Repeat, exactly and in full, the lines of the listing below, but without any pictures.

◆ **Dataset content**:
▼
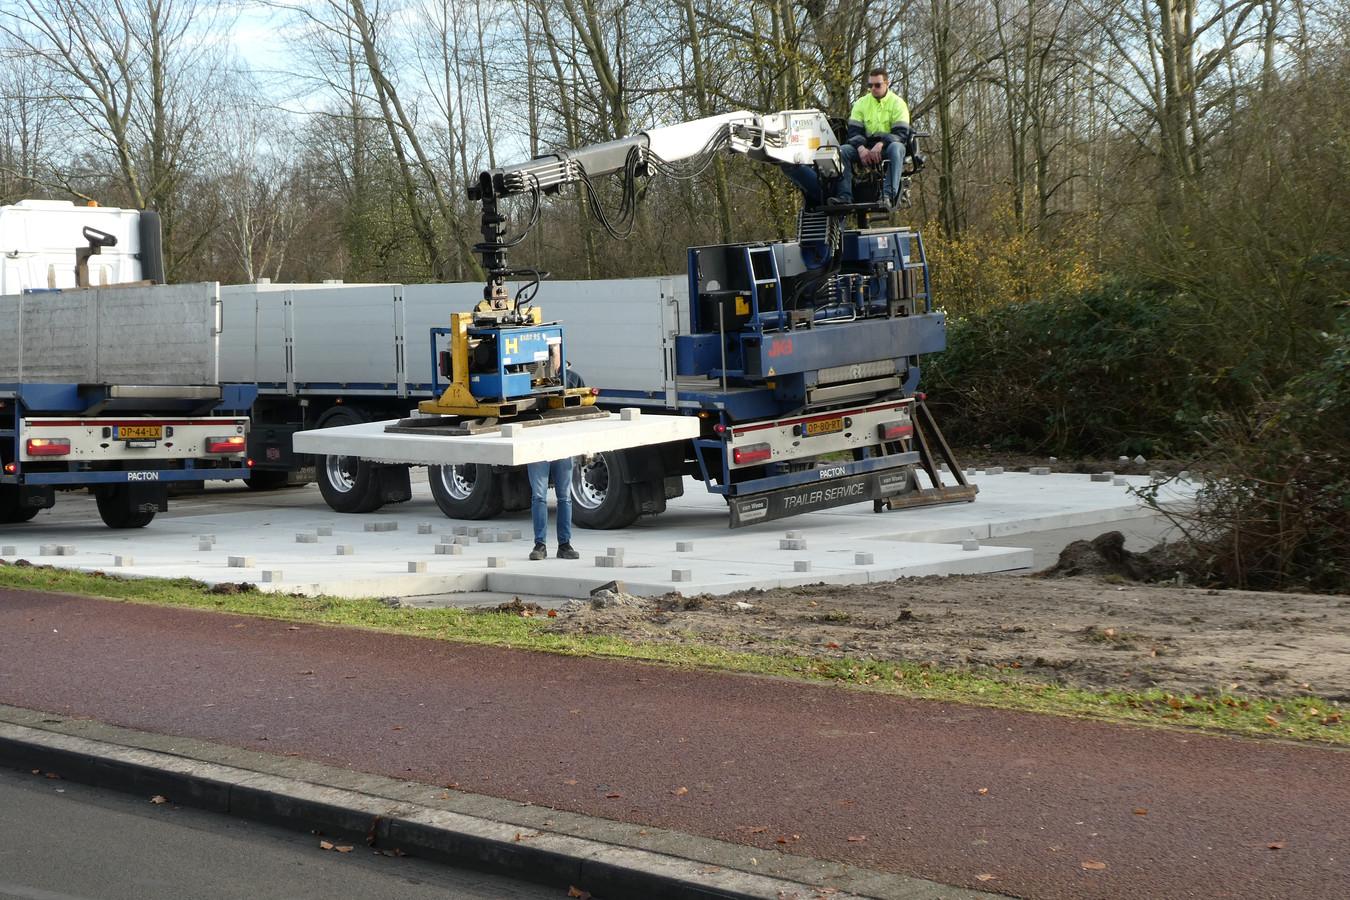 Er worden stelplaten gelegd naast de Schijndelsweg (Adrianustracé) in Sint-Michielsgestel.
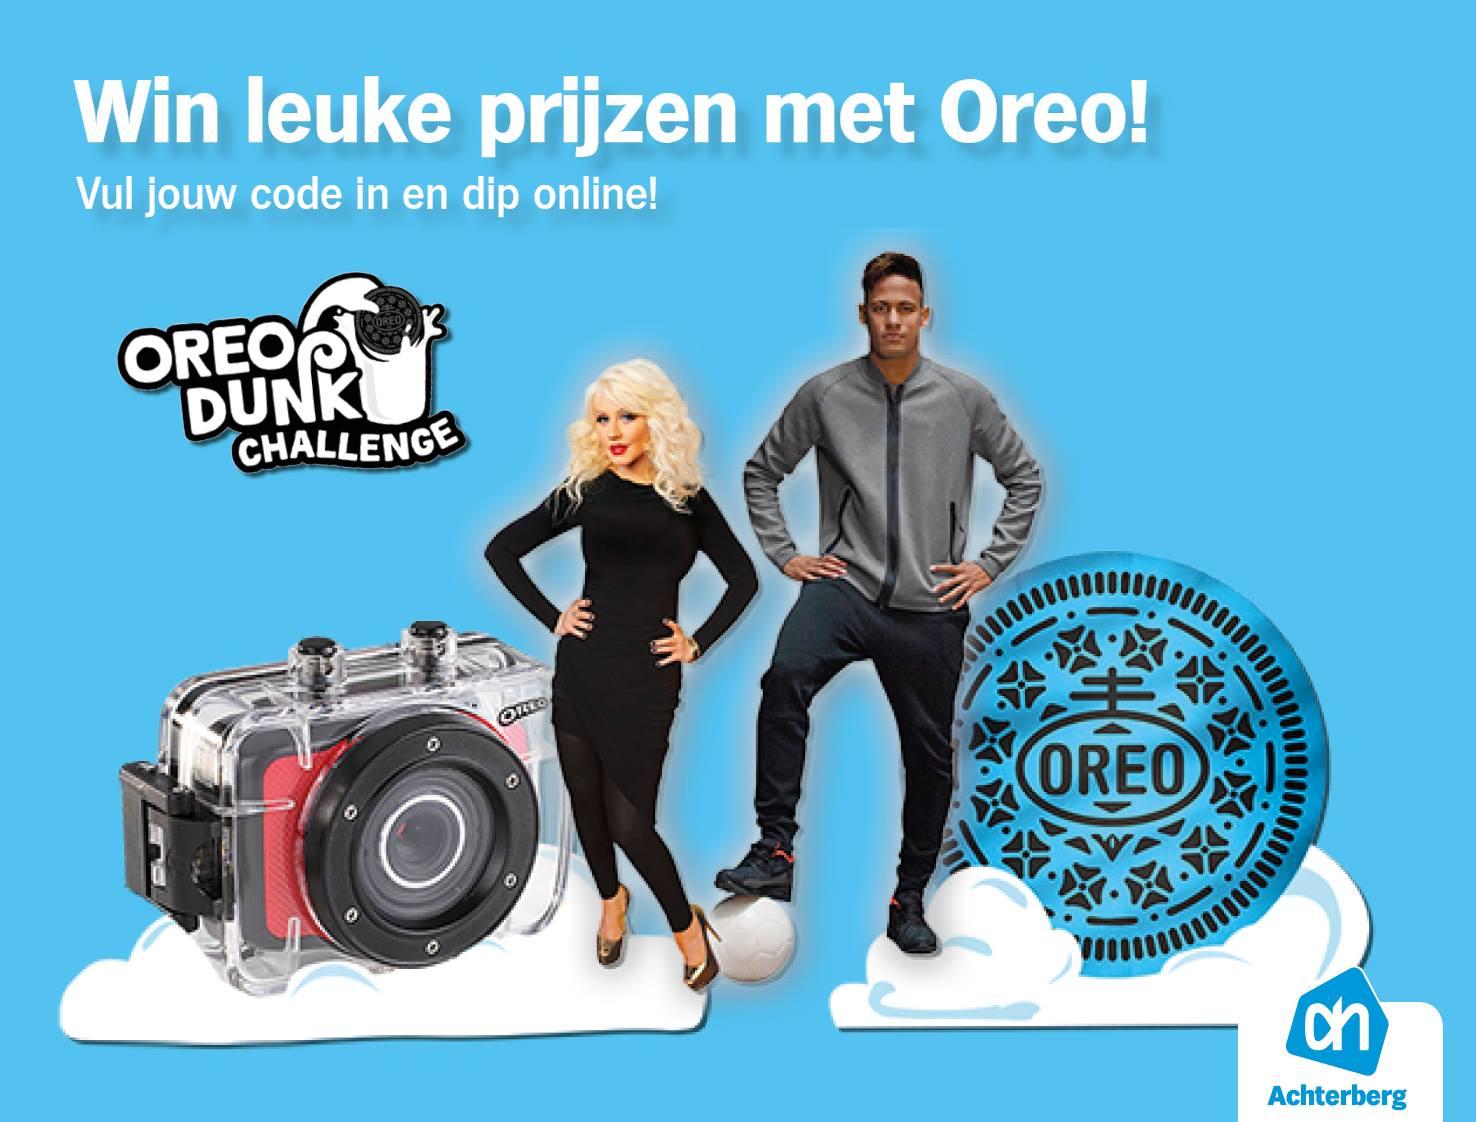 Win leuke prijzen met Oreo!
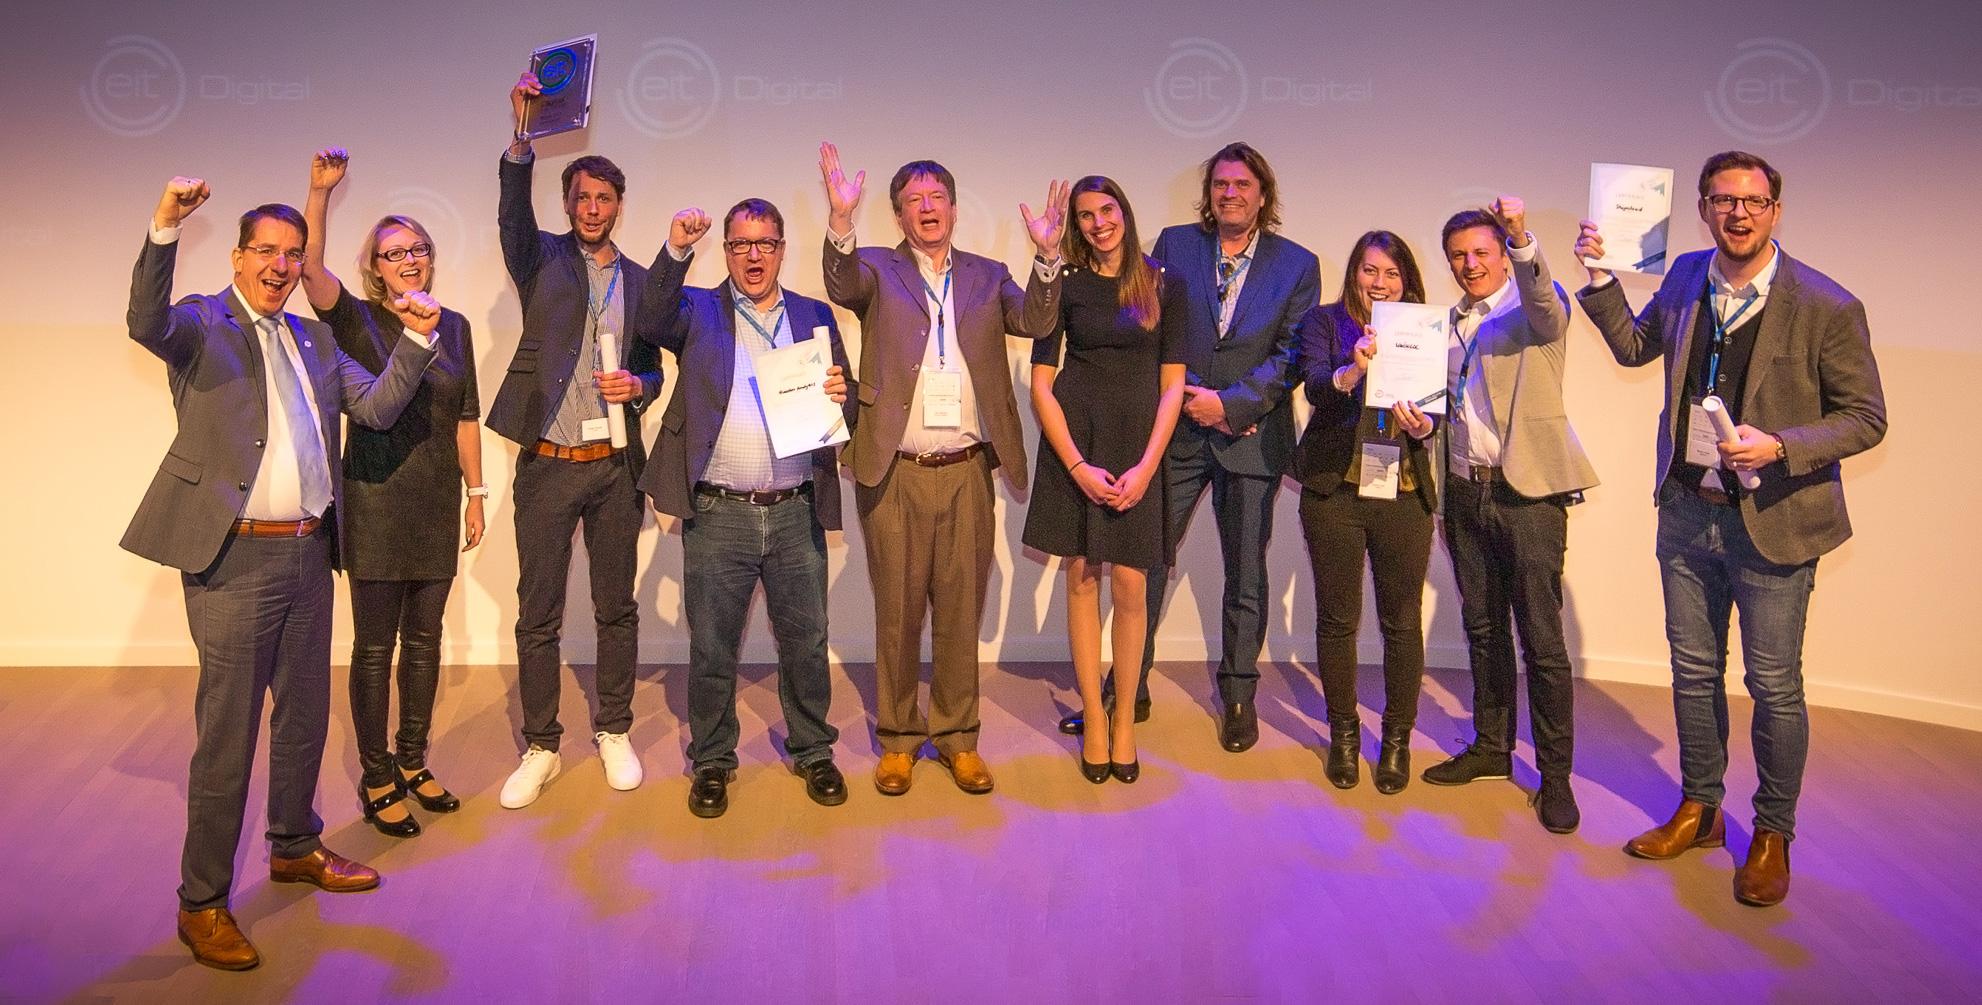 Finalisten EIT Digital Challenge 'Digital Industry': ContactEngine, Houston Analytics, Shipcloud, Trinckle 3D, Uwinloc
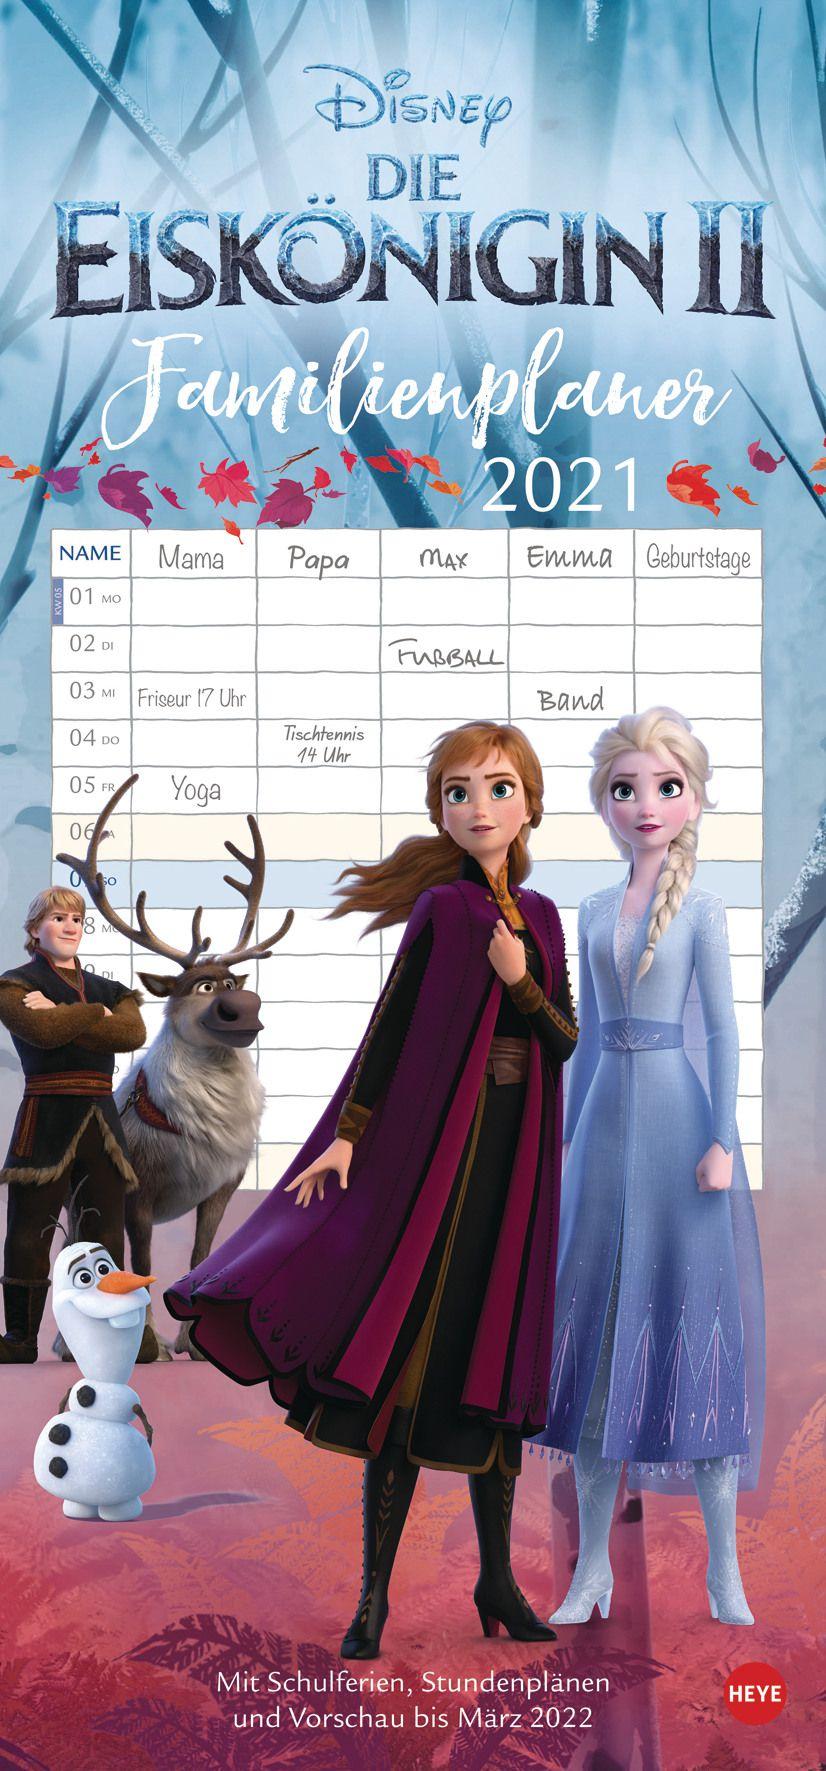 Die Eiskönigin 2021
▲
◆ **Written solution**:
 Er worden stelplaten gelegd naast de Schijndelsweg (Adrianustracé) in Sint-Michielsgestel.
 Win leuke prijzen met Oreo!
 Finalisten EIT Digital Challenge 'Digital Industry': ContactEngine, Houston Analytics, Shipcloud, Trinckle 3D, Uwinloc
 Die Eiskönigin 2021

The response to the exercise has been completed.